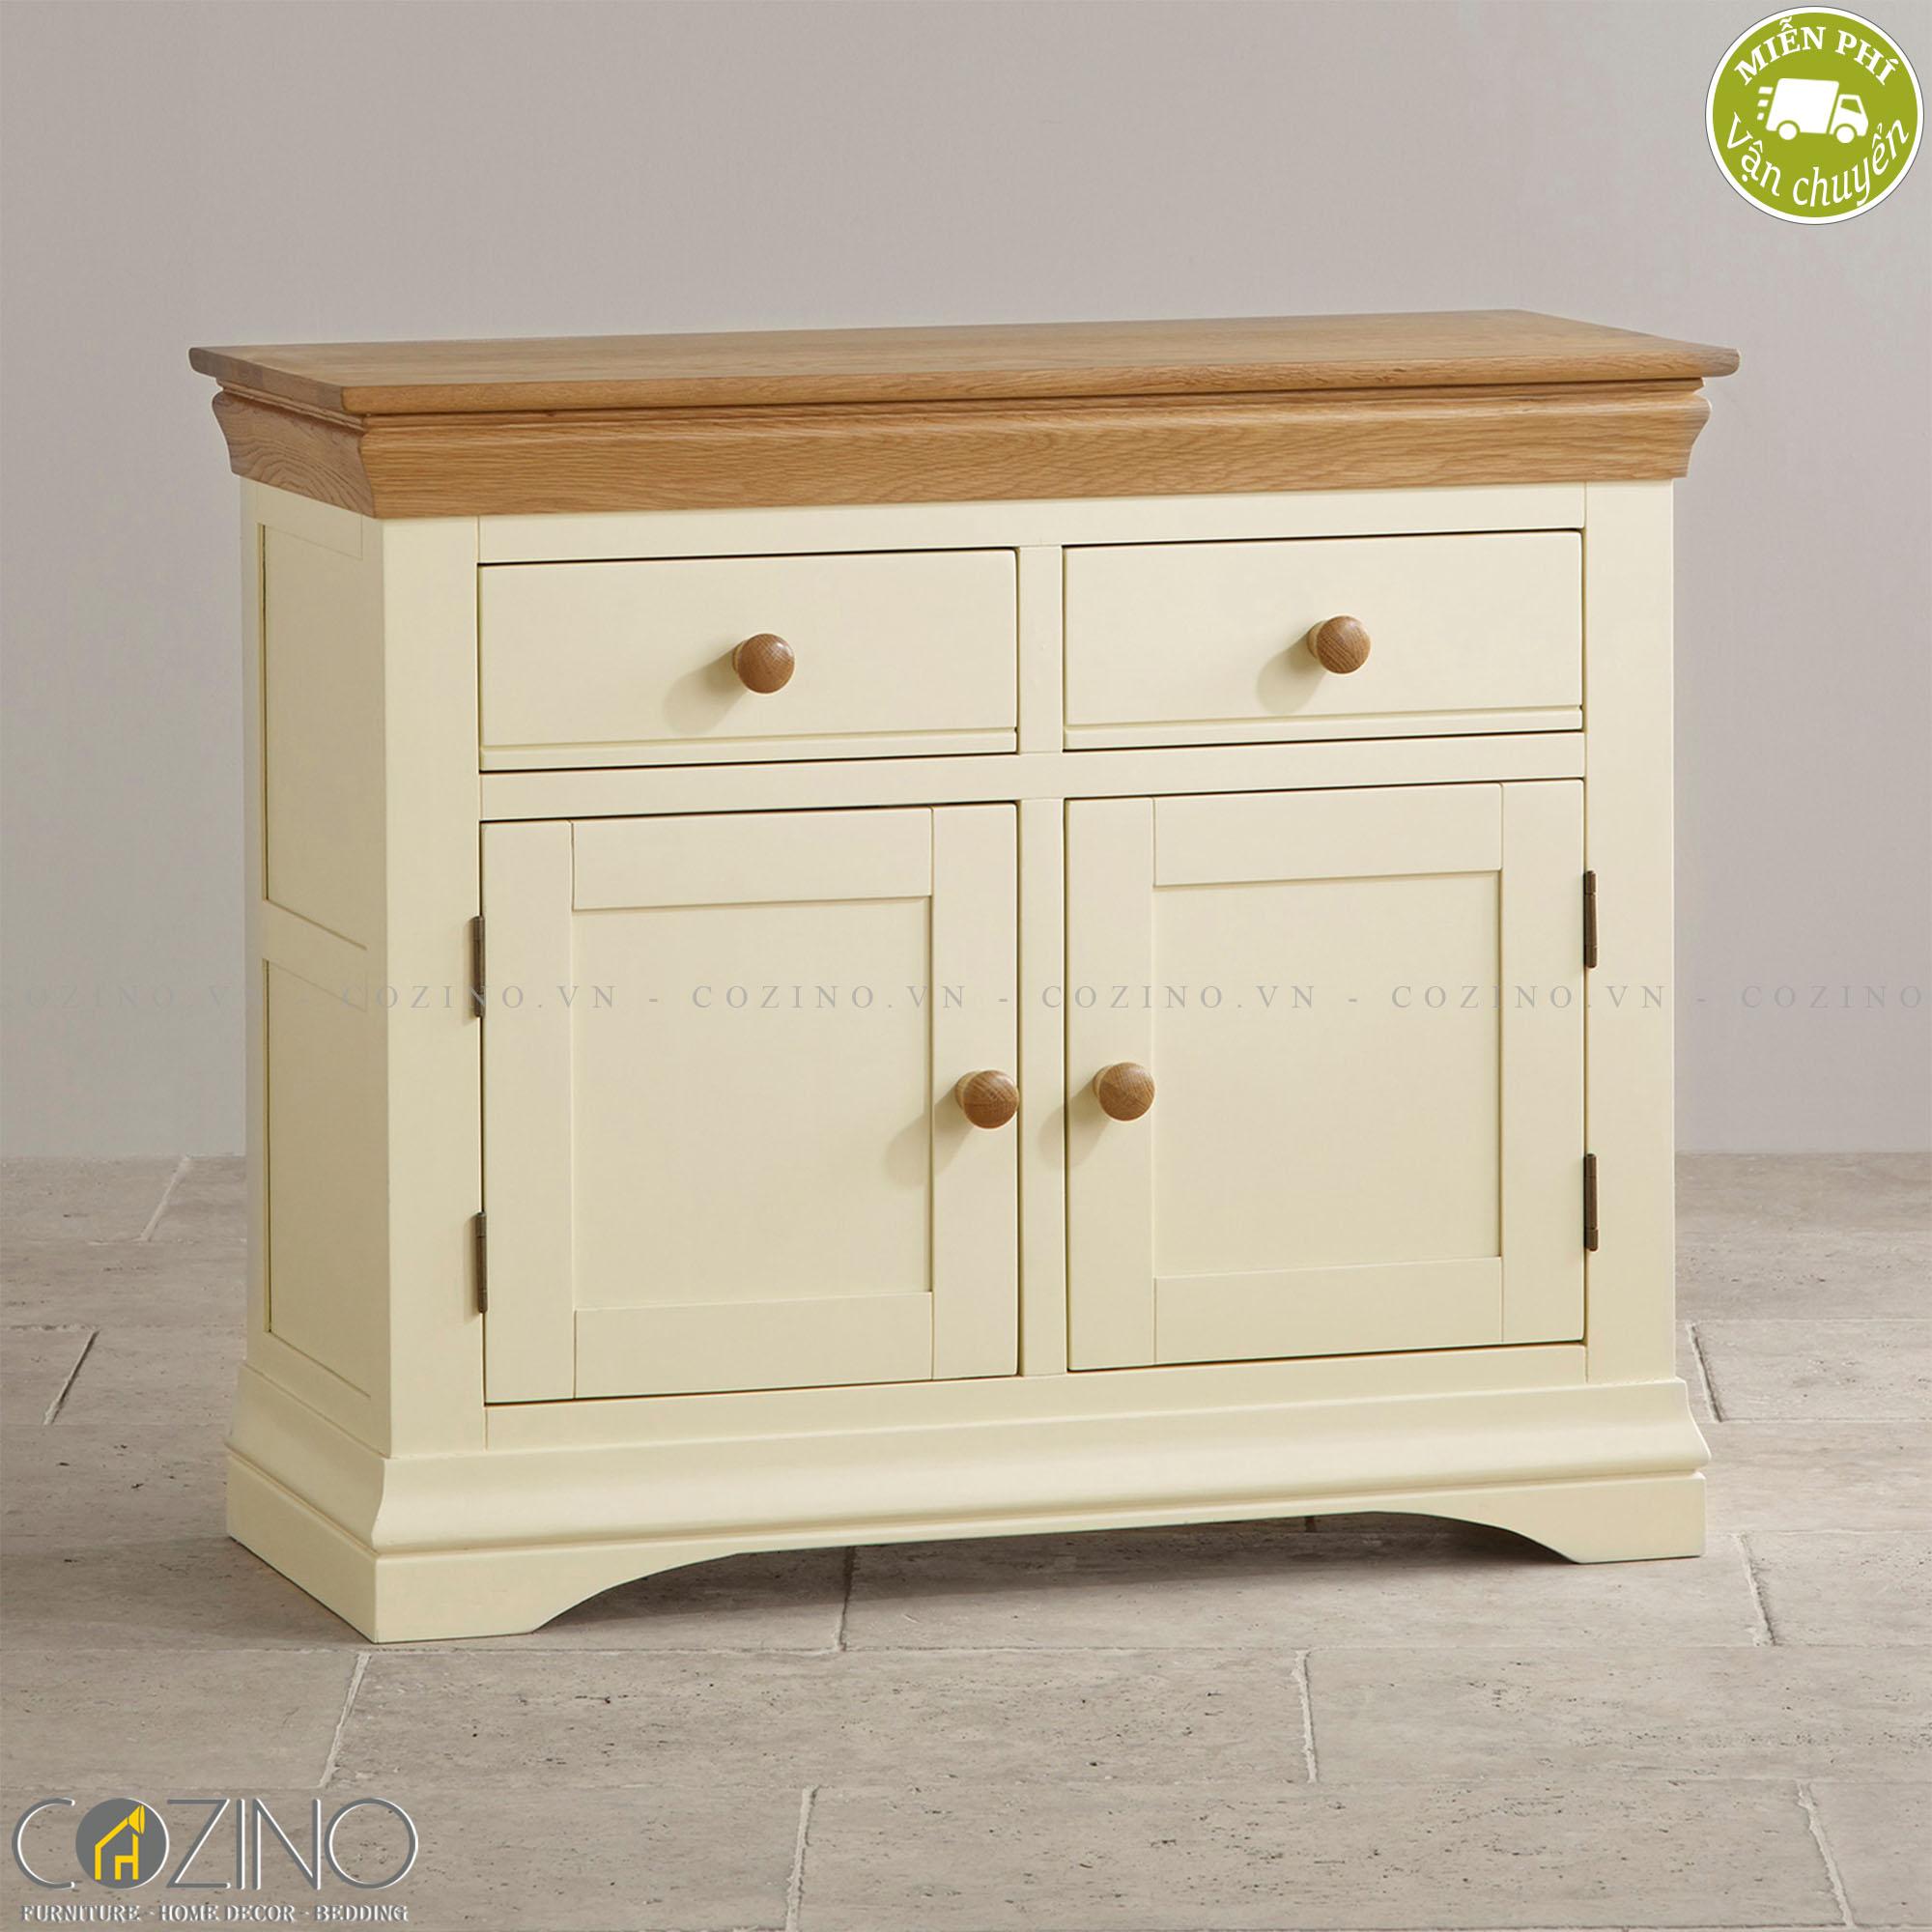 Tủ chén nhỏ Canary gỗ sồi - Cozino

--

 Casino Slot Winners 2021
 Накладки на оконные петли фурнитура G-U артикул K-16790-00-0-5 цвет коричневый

...

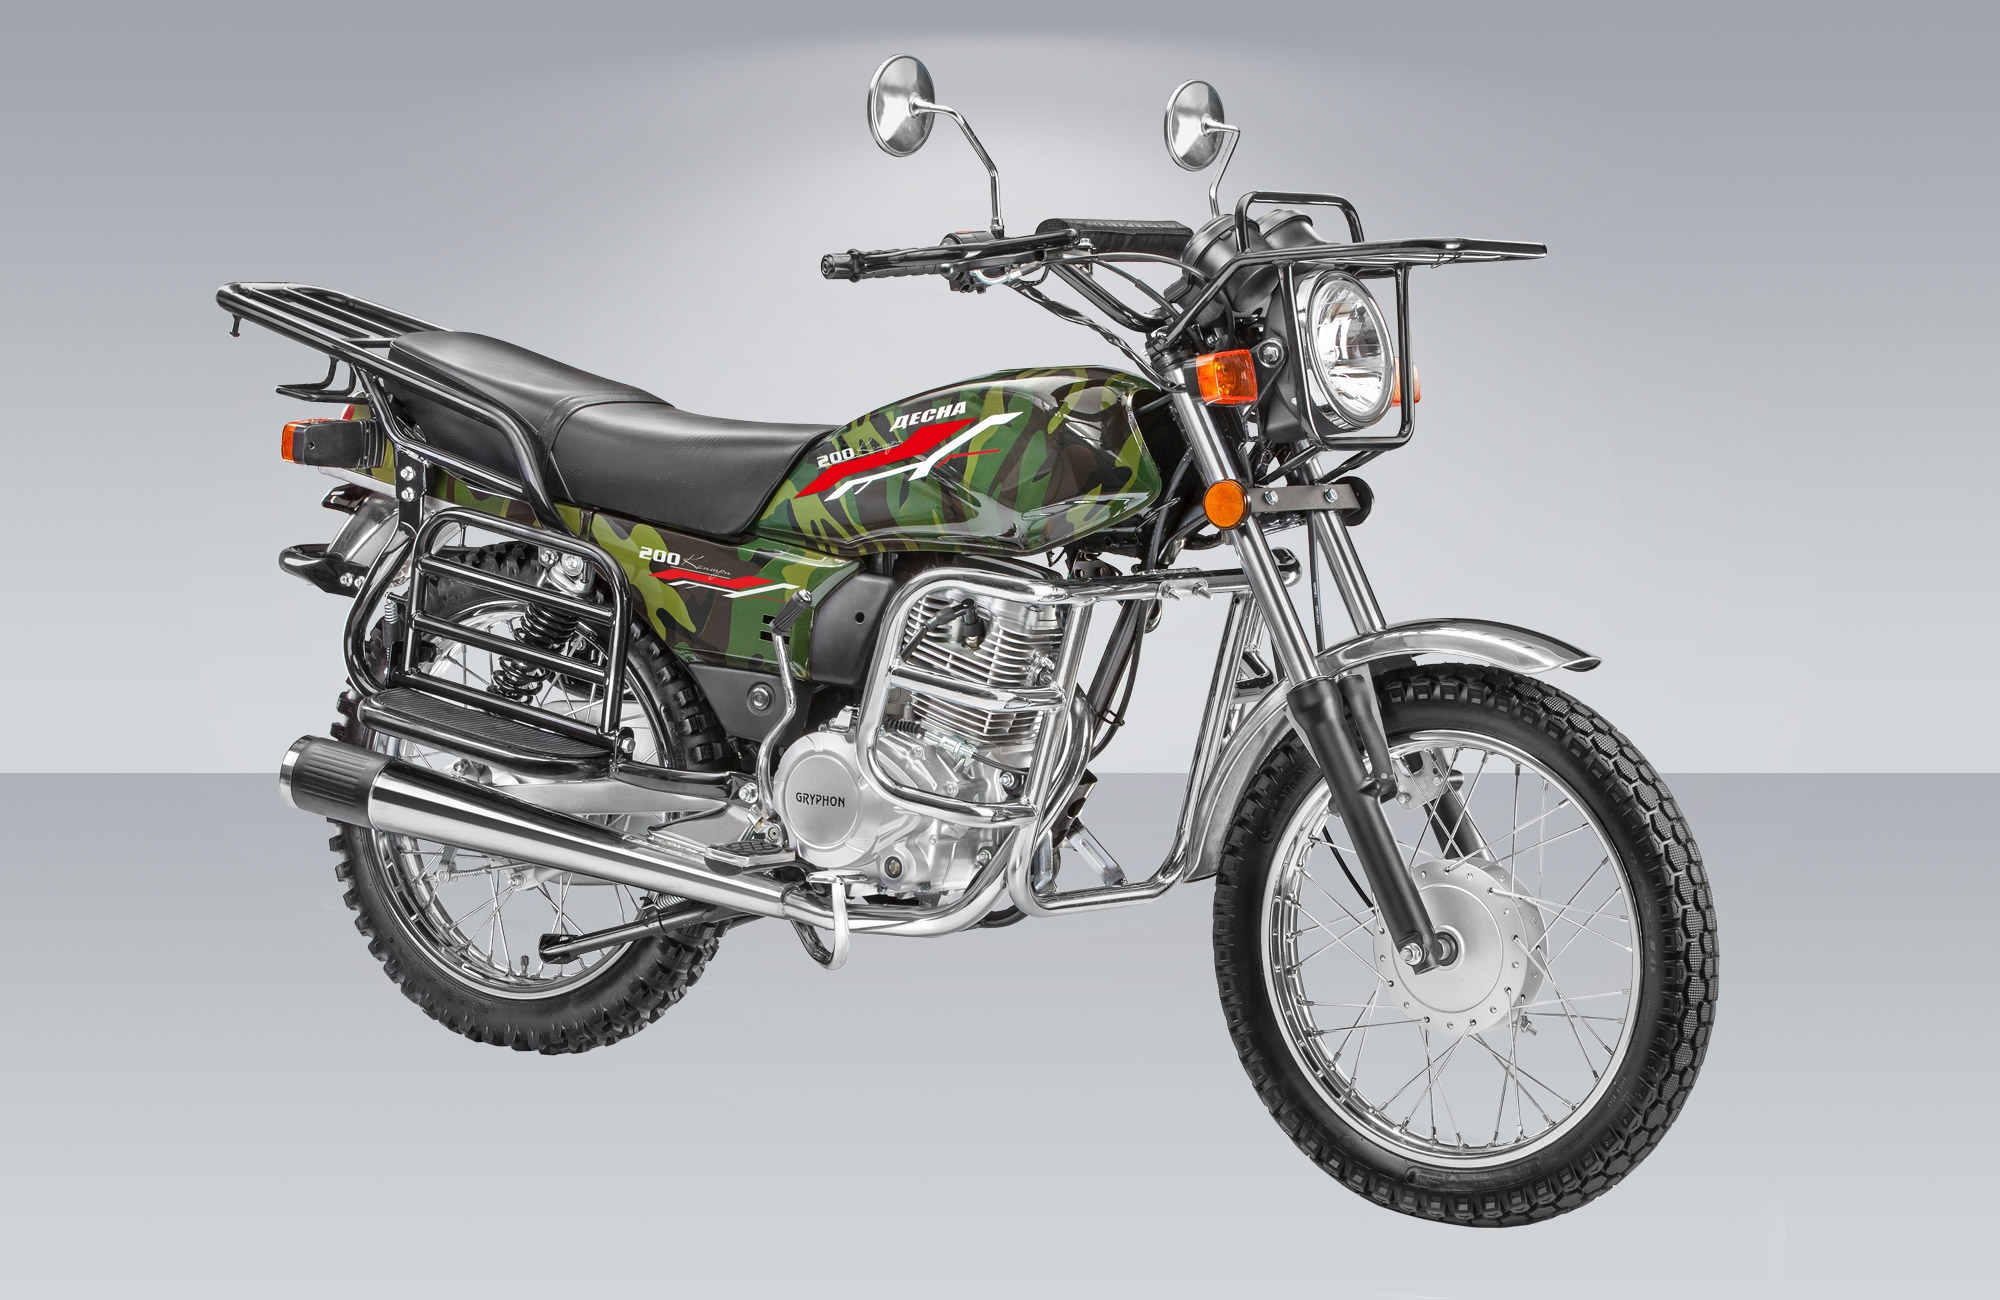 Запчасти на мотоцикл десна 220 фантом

▶ _WORK ITEM_: Repeat exactly the lines above from the one with "Casino Slot Winners 2021" up to and including the one with "Накладки на оконные". No other line belongs in the reply.

▶ _YOUR RESPONSE_:
 Casino Slot Winners 2021
 Накладки на оконные петли фурнитура G-U артикул K-16790-00-0-5 цвет коричневый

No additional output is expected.